Re: Hold on a bit...
It's complicated. I'm not an expert but I think the idea is that the gas giant swallows material that is closer to the star than itself, but is pulled closer to the star as it does this. Or, to look at it another way, you start with a gas giant a long way from the star, and a bunch of mass in the planetary disc, and you end up with a fat gas giant containing the planetary disc mass. It stops, mostly, when the star lights up, generates a solar wind, and blows the leftover gas out of the star system. The solar wind itself of course has outwards momentum.
I have previously heard arguments based on claimed computer simulations that this is how planet systems are often built, and that in our system, the gas giants interfered with each other and left the inner system for rocky planets.

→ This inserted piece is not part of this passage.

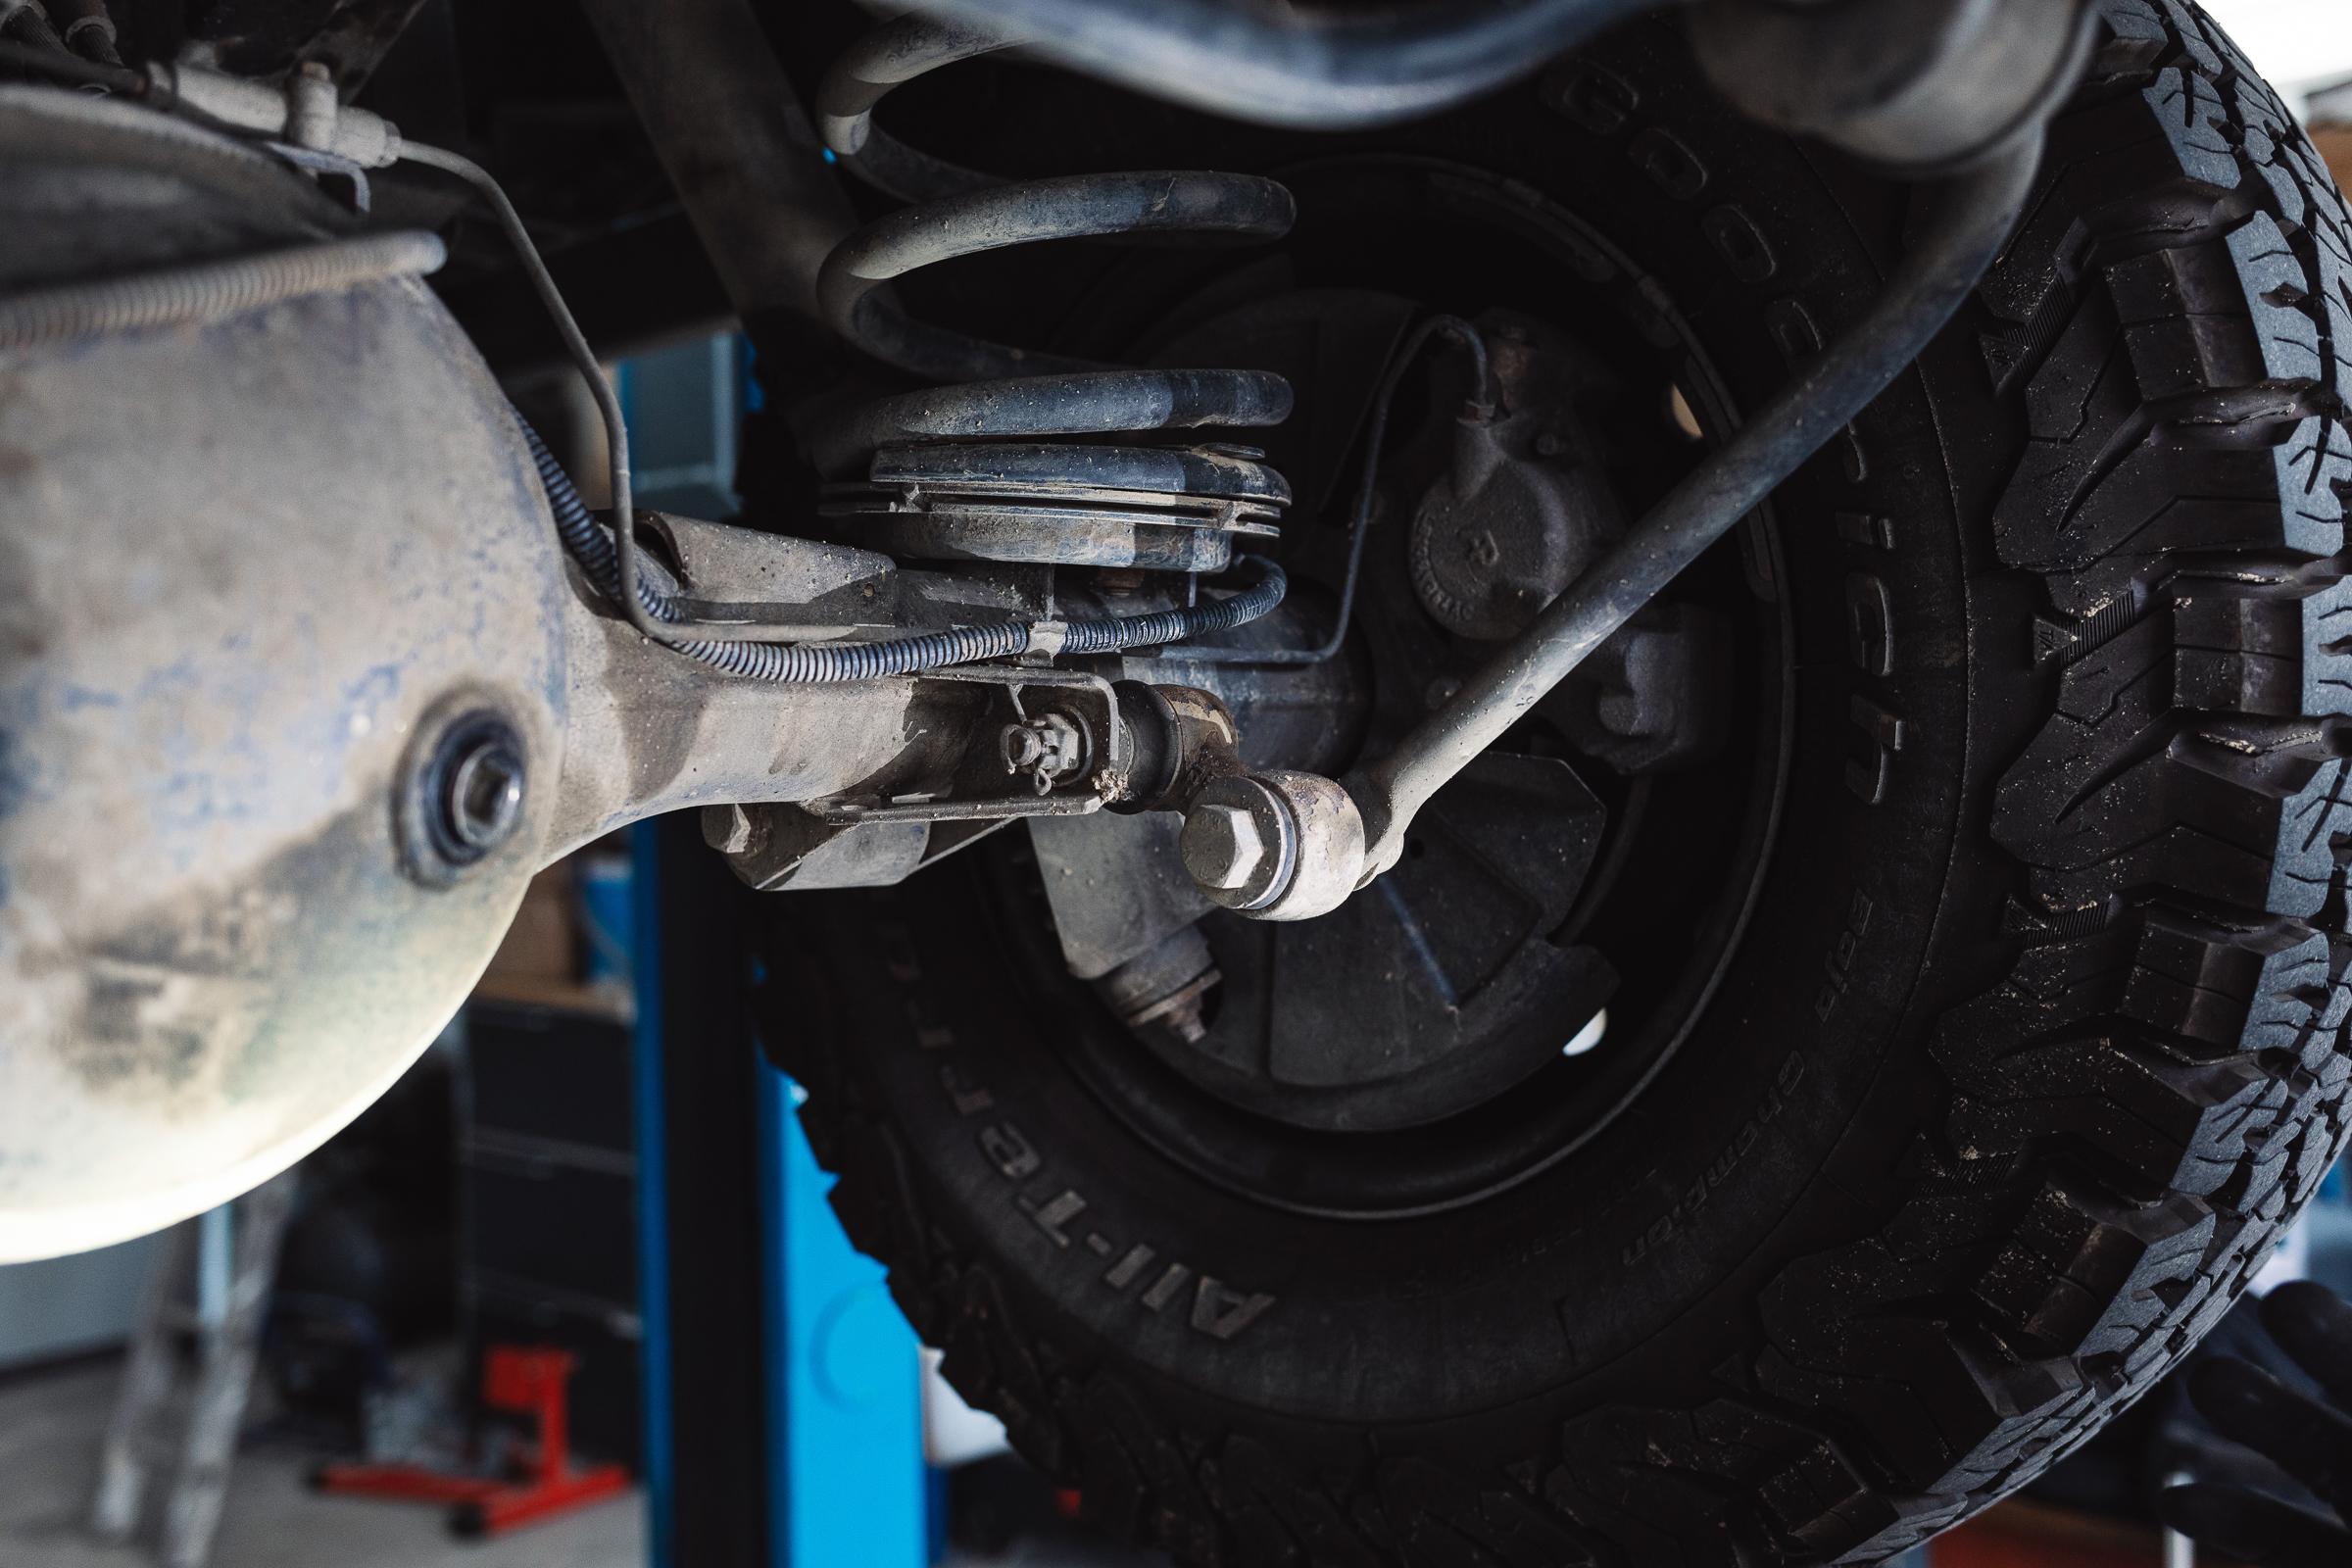 Fahrzeugcheck Reise - Brems- und ABS-Sensorleitung - Zustand und Befestigung prüfen.

It is reasonable to assume that the Solar System is a typical system of star and planets, but it is also reasonable to assume that some star systems have no planets where life can exist, and some star systems have habitable planets, and the Solar System is only typical of the second kind.
There's also an argument that the Earth has an unusually big fat Moon and that this has helped us in some ways. There was a discarded theory that the Moon removes some of Earth's atmosphere and without it, the heatland pressure on Earth's surface would be nearly as much as on Venus. Wrong, apparently, but that's the sort of thing. Current fashionable theory is that Earth version 1.0 formed alongside a Mars-sized Trojan orbital companion which then got unstuck and hit the bigger world, and we're living on Earth 1.1 which contains material from both, especially the iron core - I'm not inventing this but I'm interpreting it creatively - and the Moon is made of ejected crust material, but not right away. One thing we get from that may be t!a particularly good protective magnetic field. Apparently in more simulations all of this is quite a common event too, so there may be more rocky planets with big moons around other stars where we could look for life.
For five-sixths of Earth's existence so far, there was basically nothing more sophisticated than slime living here, so we may be disappointed by what we find.